Adding to the complexity of working with race and ethnicity, definitions of these constructs can be framed in a conceptual way or, alternatively, in the context of operationalizing (measuring) them. Distinct from conceptual definitions that describe the meaning of each term (such as those in Box 2-1), operational definitions explain how the concept is measured or how a variable might be defined in a research context. An operational definition delineates how a concept, such as race, was measured—for example, that race was measured by allowing participants to choose among a set of labels to answer a question about their racial identity. Operational definitions will, of necessity, vary across studies and contexts. In the United States, one of the most well-known operational definitions of ethnicity was the former federal definition, consisting of only two categories—Hispanic/Latino or Not Hispanic/Latino, until OMB released its revisions in March 2024.
The process of moving from the identification and definition of a relevant concept to its measurement is a key step in research methodology. Researchers often do this implicitly or without thinking much about it, but it is worth making the process explicit to highlight how a single concept can be measured in different ways.
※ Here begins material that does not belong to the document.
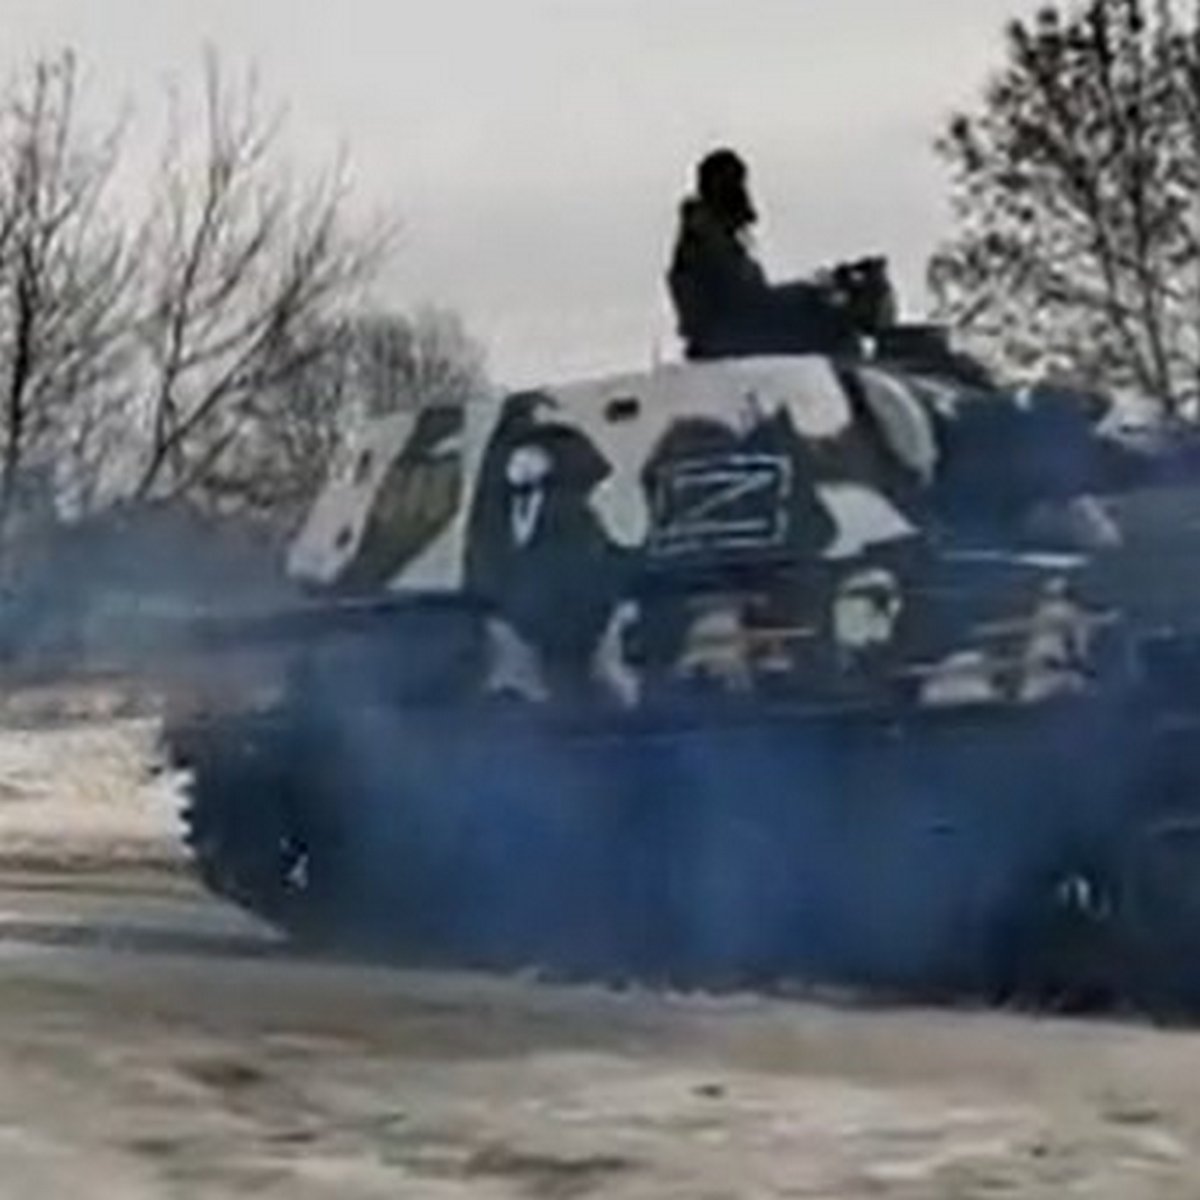 Un « Z » mystérieux apparaît sur des chars et des véhicules russes, laissant les experts perplexes

Take, for example, the concept of weight. Weight can be defined as the force acting on an object due to gravity; this is an abstract definition. The concept of weight is made concrete (operationalized) in how it is measured. For example, weight is often measured by putting an object on a scale. When determining the weight of a person, weight can also be assessed through self-report, which might be an estimate of how much that person thinks they weigh. Weight can also be described in different units, such as pounds or kilograms. Each of these are measures of weight, but they will not necessarily be equally well suited to different situations.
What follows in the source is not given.